Iceland
In July 1986 several of the members of this Geological Society joined a party from Bristol University in a trip around Iceland.
During periods of glaciation in the past Iceland has been completely covered by ice, except for a few of the highest mountain peaks. Still today Iceland has several permanent icefields, the largest of which is Vatnajökull with an average thickness of ice of around 420 metres. The majority of this icefield is situated on a plateau 700-800 metres above sea-level, and it descends to 150 metres along its southern margin, coming down into numerous glaciers before it melts. When moving at its maximum velocity, the ice descending towards the edge can reach 1 metre per day.
All along the southern margin of Vatnajökull are the Sandur plains, covering an area of approximately 1500 square kilometres, a vast erosional area produced by the glacial outwash. The meltwater from the glaciers is heavily charged with sand and gravel which it drops as it spreads out over the plains in ever changing braided channels. The sands are formed from basalts ground down by the glaciers and so are black, and the regularly shifting positions of the water channels prevents the development of any vegetation and so the whole plain looks dark, bare and desolate.
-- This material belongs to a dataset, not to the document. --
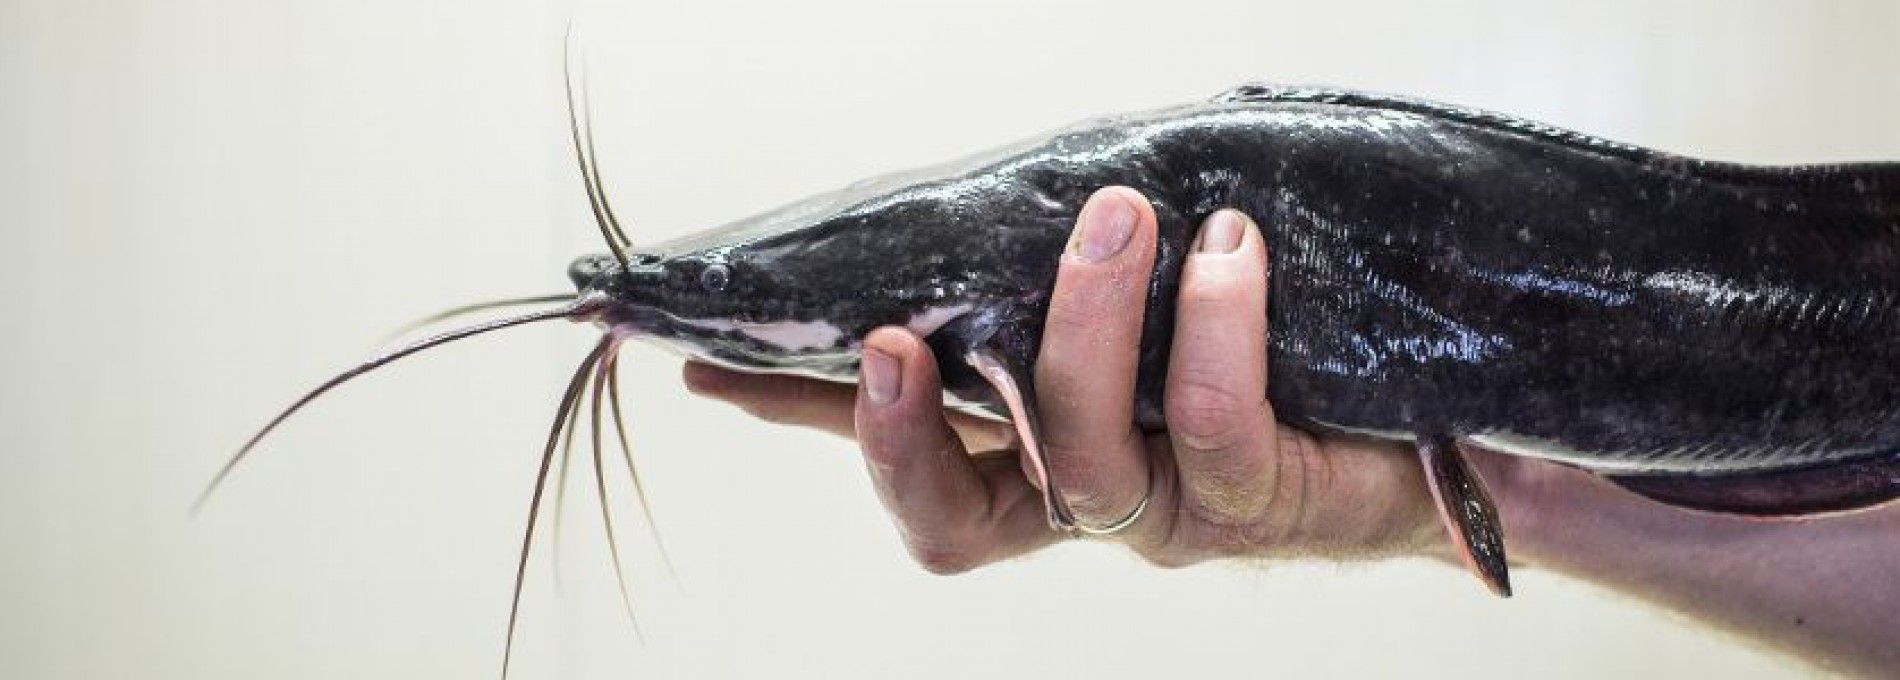 Ameland Catfish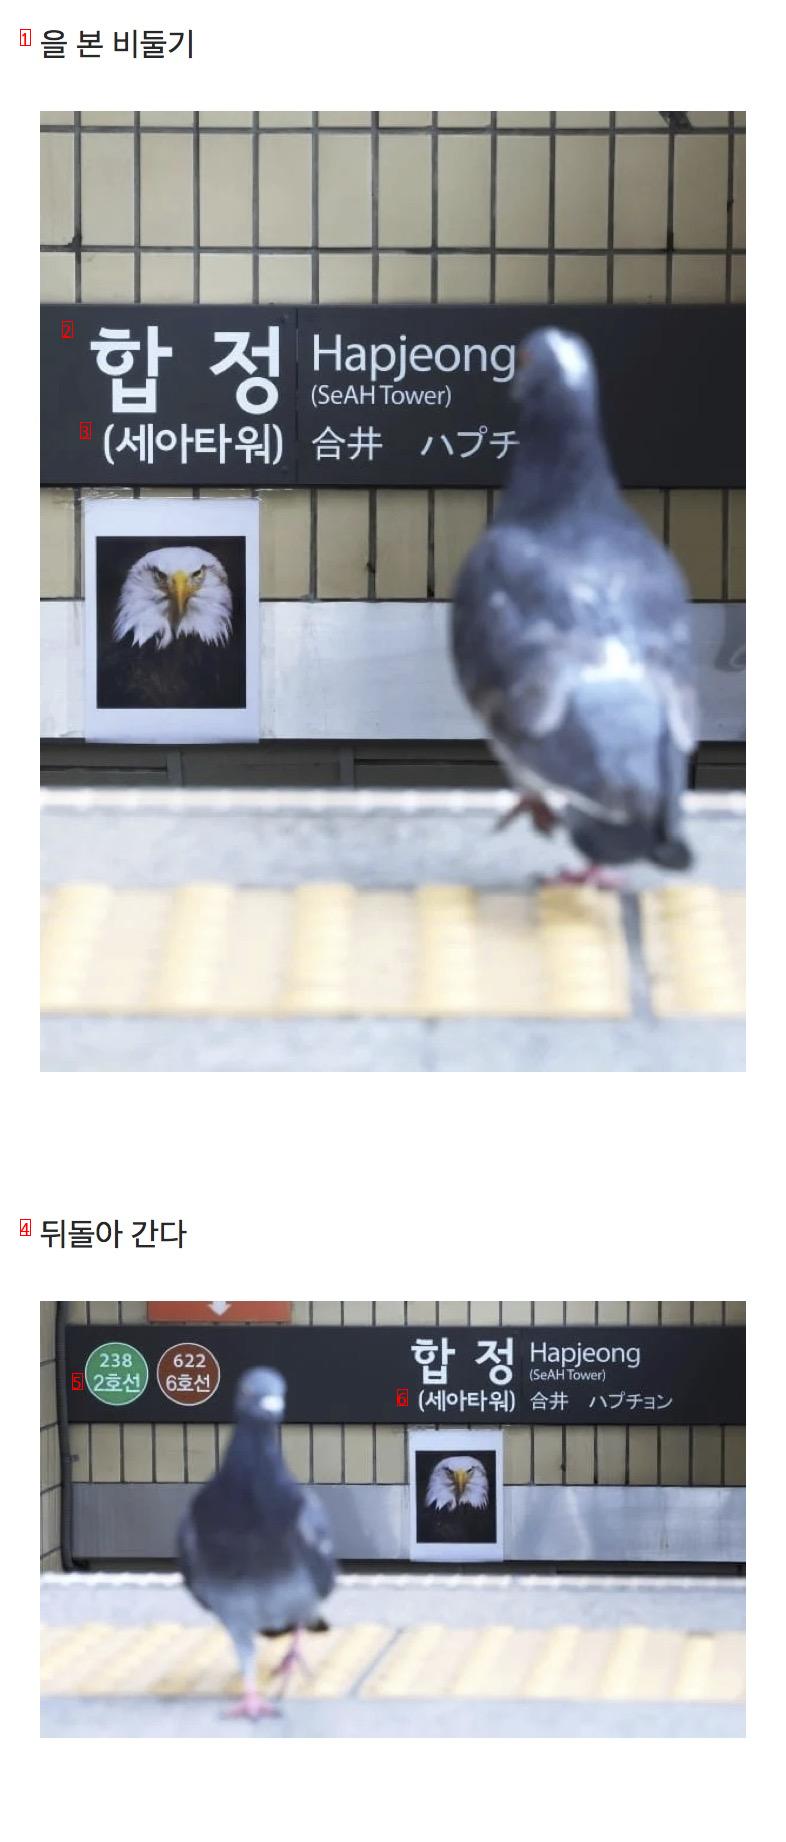 合井駅の鷲の写真

But Iceland is a land of recent geological origin with many active volcanoes, and beneath the icecaps huge lakes occur, created by the hot volcanic activity. At intervals the water bursts out and discharges in a torrent, called in Icelandic a jökulhlaup, across the Sandur plains, often extending the shoreline out a few metres seawards with the washed down debris. At the coast, the outwash material is drawn out by the northeasterly long-shore drift into bars across the river mouths.
We travelled all around the southern margin of Vatnajökull across the Sandur plains. The first real view we had of Vatnajökull was when we stayed overnight at Nesjaskoli, 7 kilometres from Höfn. From outside our hotel we could see five glaciers coming down from the icesheet, standing out white on the skyline. We travelled along the coast to have a close look at the melting snout of Hoffellsjökull. It had a large terminal moraine about 15 metres high, trapping a small lake in front of the glacier. The melting end of the glacier was black with basalt sand. The glacier had been gradually retreating over the last one hundred years. The moraine we were looking at it from was composed of very mixed rock debris, palagonite tuff blocks and mixed diorite boulders with banding and patches of crystal aggregates in them.
We drove on to Breiðamerkur glacier, which had a sizeable lake in front of it, full of floating iceblocks that had broken from the front of the glacier. The iceblocks, some protruding 6 metres above the water, were varied in colour from pure white through greeny blue to black striped with basalt sand, and they appeared very still in the muddy water.
We actually climbed on to the end of the next glacier we visited, Snaefajökull. The very end was heaped with rock debris, but further up the debris is only formed a thin skin, and the ice showed through blue green in the deep holes and fissures caused by its break up as it met the sea.
The single biggest glacier we saw was Skeiðarárjökull in Skaftafell National Park, covering about 1600 square kilometres. It is through Skeiðarárjökull and its associated rivers that Grímsvötn, a geothermal area, creates great jökulhlaups about every five years, discharging up to 7400 cubic metres of water per second. These floods often smell strongly of sulphur compounds and occasionally bird deaths occur due to the discharged gases. The outwash plain from Skeiðarárjökull to the sea is at present 25 kilometres.
We travelled the length of the Sandur plains and went on to see the glacier Eyjafjalla, coming down from Mýrdalsjökull, which covers Katla, a fissure which erupts explosively but produces little lava, causing jökulhlaups at intervals.
The southern coastal region of Iceland provided an impressive view of the glaciers descending from Vatnajökull, all terminating on the desolate looking Sandur plains, and I don’t think any of us would have wanted to miss the experience of seeing it.